Пределы хранения врачебной тайны должны простираться до смерти больного, кроме, конечно, тех случаев, когда оглашение тайны может повредить его потомству
САМОУБИЙСТВО В ЗАКОНЕ И ЖИЗНИ*
Черное крыло насильственной смерти от собственной руки все более и более развертывается над человечеством, привлекая под свою мрачную тень не только людей, по-видимому обтерпевшихся в жизни, но и нежную юность, и тех, кто дожил до близкой уже могилы. Случаи самоубийства перестали быть единичным, хотя и частым, окончанием расчетов с жизнью, а обратились в целое общественное явление, даже в бедствие, заслуживающее внимательного изучения и обдуманной борьбы с ним. Повсюду оно растет, обманывая всякие статистические предположения и предвзятые формулы. Достаточно указать на то, что согласно исследованиям Морзелли в Германии с 1890 года по 1900 год на миллион смертей приходилось 2700 самоубийств, а с 1900 по 1910 уже 5 тысяч, и что в Петербурге за 40 лет самоубийства и покушения на них дошли с 210 случаев в 1870 до 3196 в 1910 году, тогда как, в связи с возрастанием населения Петербурга с 600 тыс. человек до 1800 тыс., это увеличение должно бы составить лишь 630 случаев, а не превышать эту цифру более, чем в пять раз.
Ошибочно объяснять это триумфальное шествие самоубийства увеличением душевных заболеваний, как это делают некоторые. Увеличения последних отрицать нельзя, но наблюдения показывают, что то и другое явление увеличиваются под влиянием самостоятельных причин, вне зависимости друг от друга, причем развитие душевных заболеваний всегда превосходит увеличение народонаселения, но в меньшей мере, чем самоубийства.
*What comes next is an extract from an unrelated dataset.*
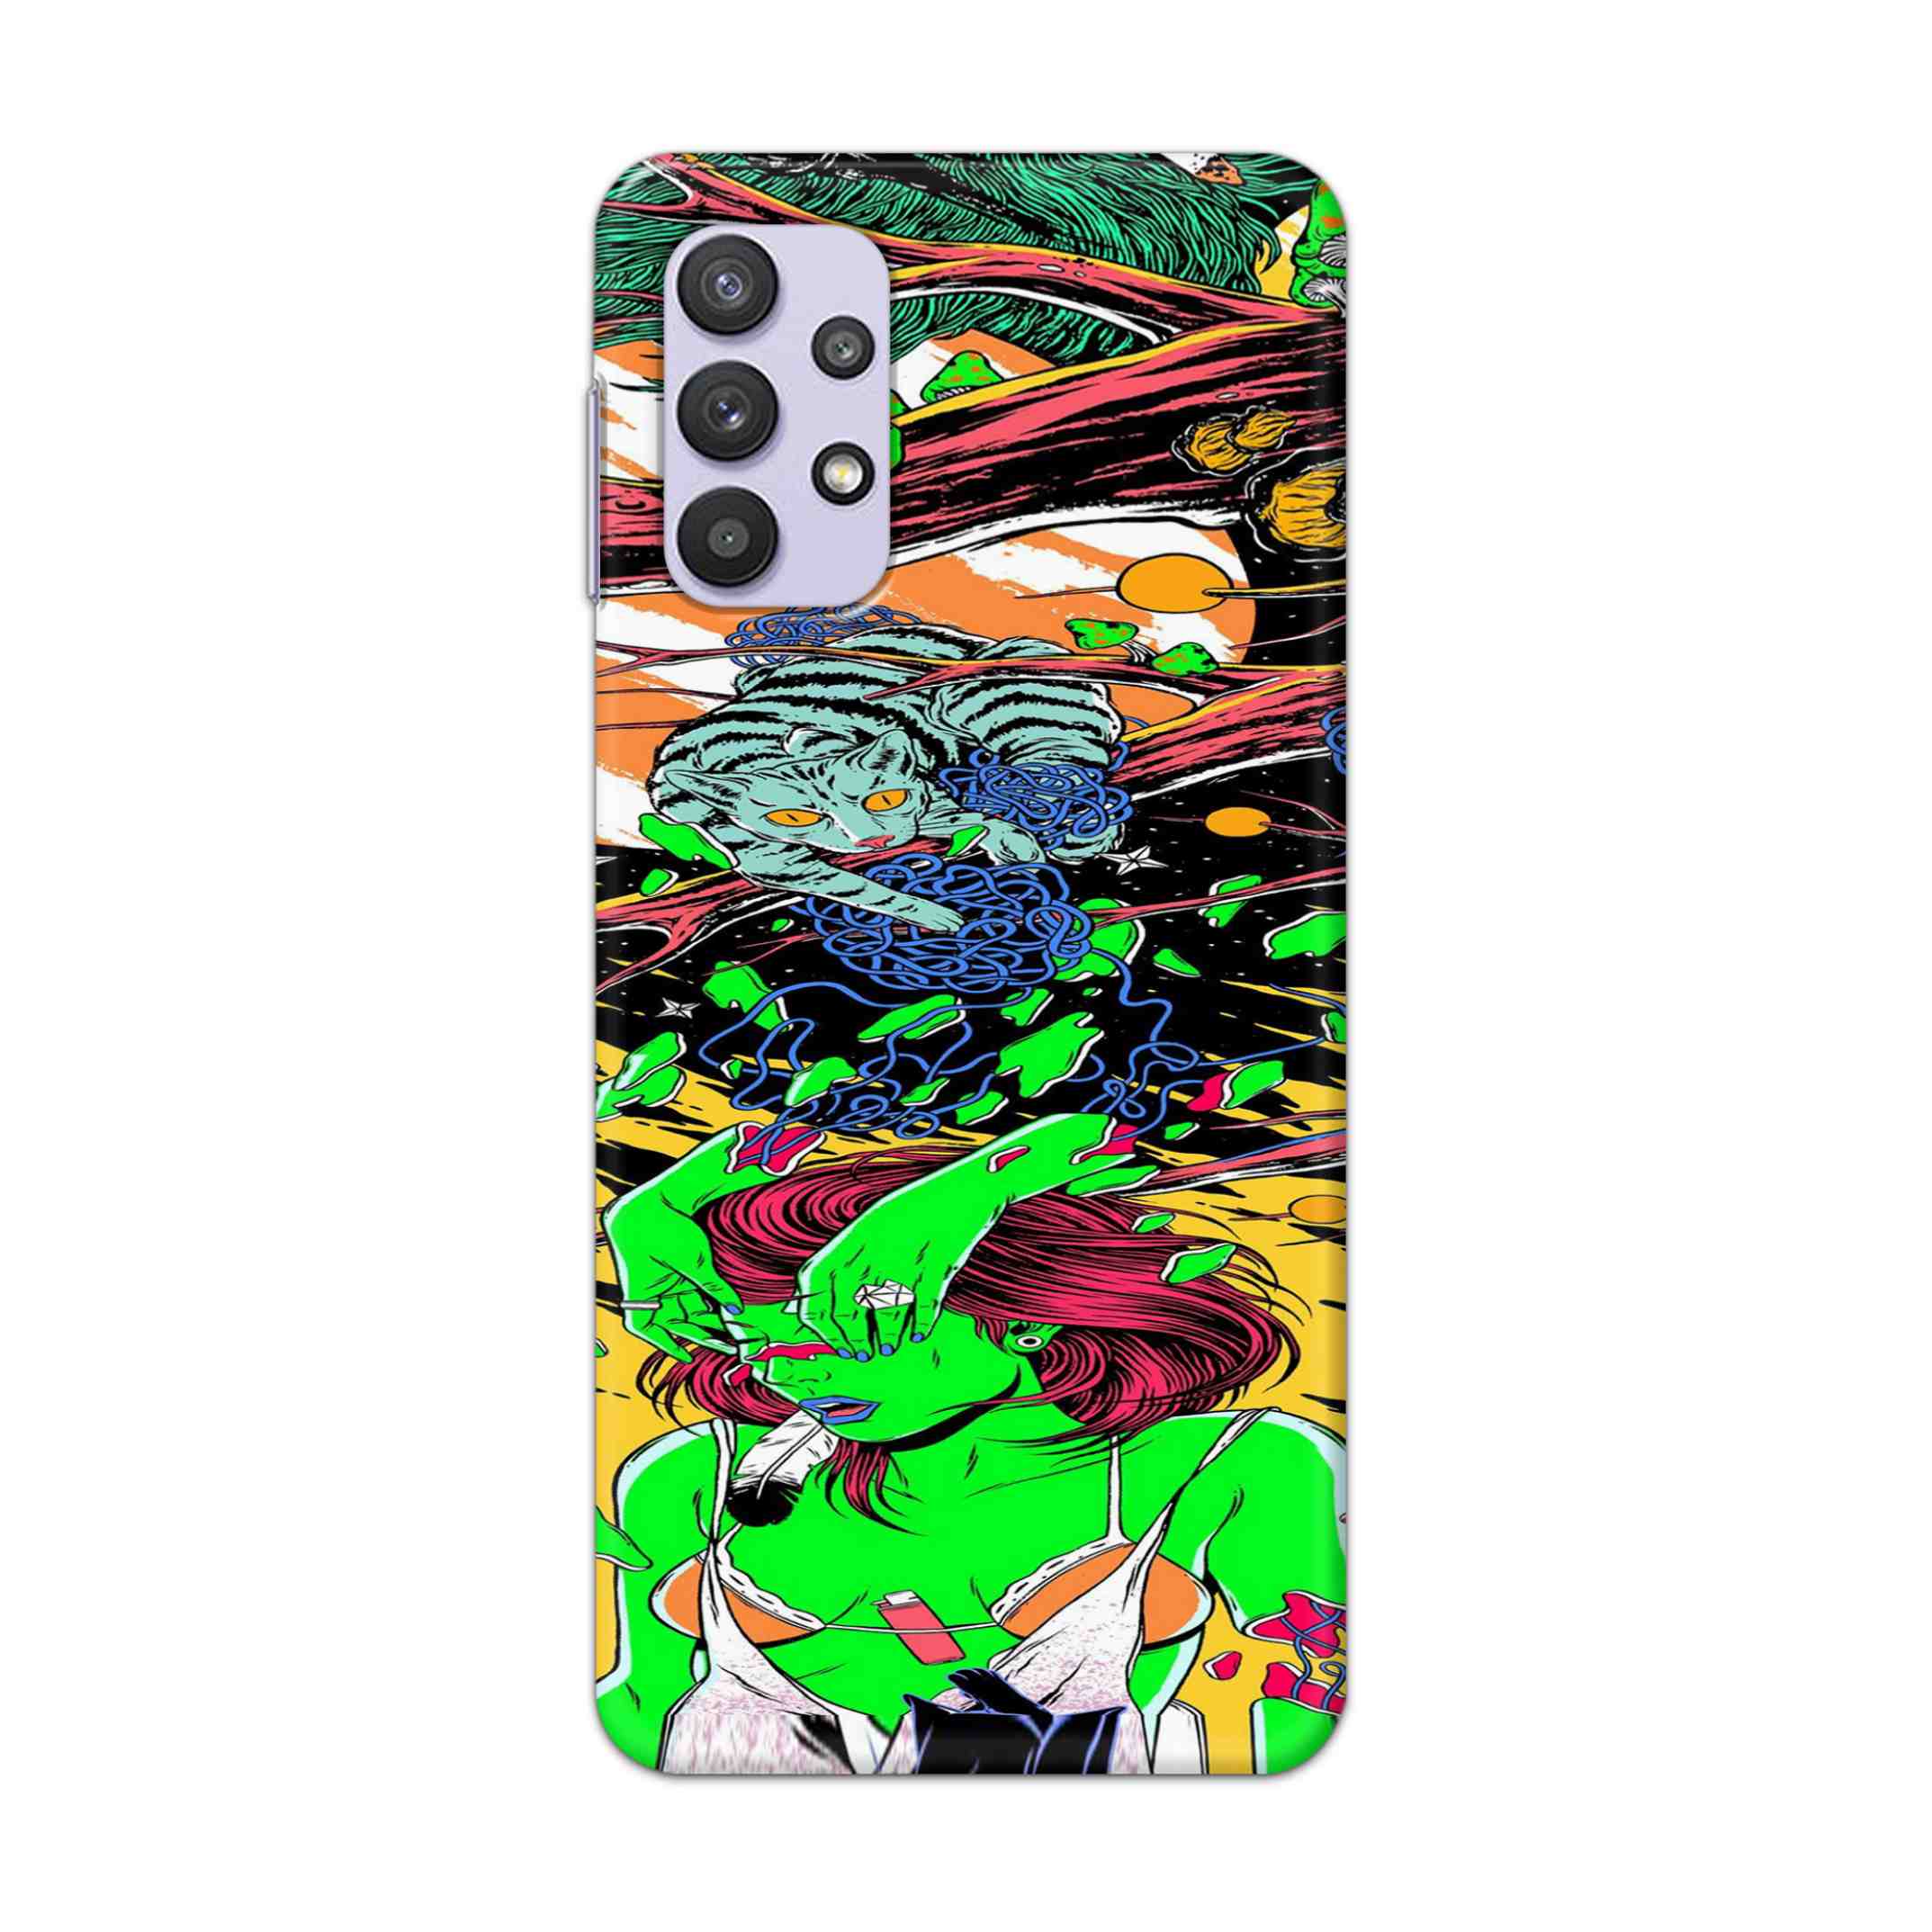 Buy Green Girl Art Hard Back Mobile Phone Case Cover For Samsung A32 5G Online
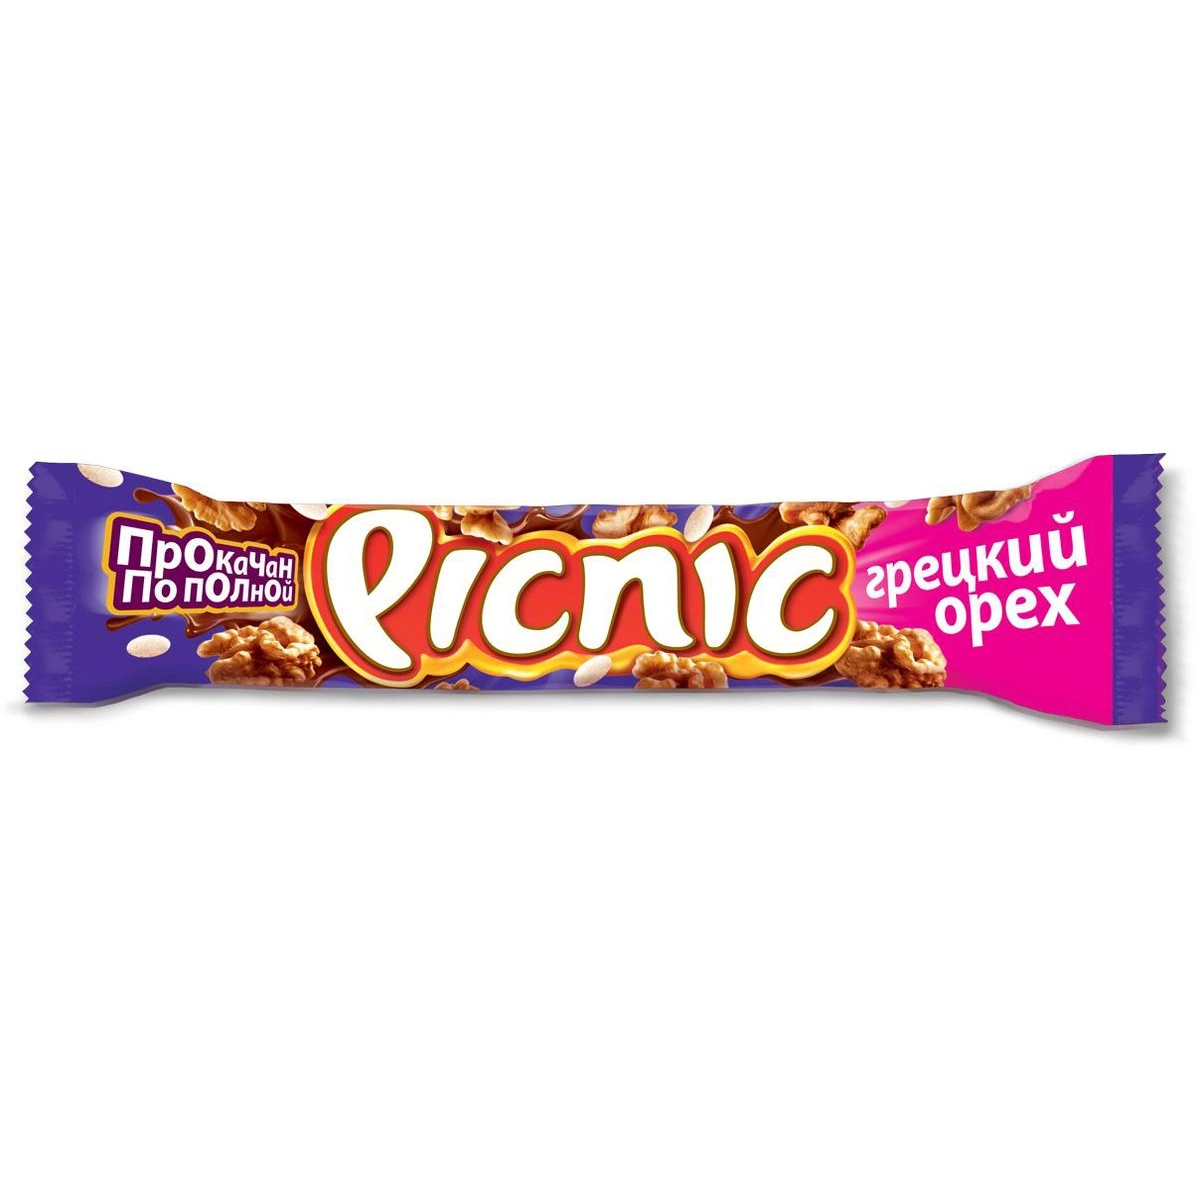 Батончик Picnic Грецкий орех, 52 г батончик шоколадный picnic грецкий орех 52 г

Так, например, в Соединенных Штатах Северной Америки за 40 лет с 1870 года население увеличилось на 60 %, сумасшествие на 100 %, а самоубийства на 270 %. Нельзя отрицать довольно крупного числа случаев самоубийств у. душевнобольных, но исследованиями Бриер-де-Баумана, докторов Жаке, Прево и Островского установлен приблизительный процент лишающих себя жизни в состоянии сумасшествия, составляющих около 17 % всего числа самоубийств. Поэтому утверждение Крафт-Эббинга, что каждое самоубийство должно быть приписано сумасшествию, покуда не будет точно доказано противное, представляется лишенным прочного основания. Скорее, ввиду приведенного процентного отношения, можно сказать, что самоубийство должно считаться результатом сознательной и дееспособной воли, покуда не будет в каждом отдельном случае доказана наличность ясно выраженной душевной болезни. Некоторые из единомышленников Крафт-Эббинга относят к признакам душевной болезни, как причины самоубийства, такие угнетающие психические влияния, как стыд, чувство невыносимой обиды, тоска по умершим близким, или тяжелая разлука с ними, глубокое негодование, отчаяние, ревность и даже страстная любовь. Но не придется ли с этой точки зрения считать душевнобольным почти всякого, проявляющего чуткую отзывчивость на житейские условия и обстоятельства и, вообще говоря, живущего, а не только существующего, мыслящего и страдающего, не только вегетирующего и прозябающего?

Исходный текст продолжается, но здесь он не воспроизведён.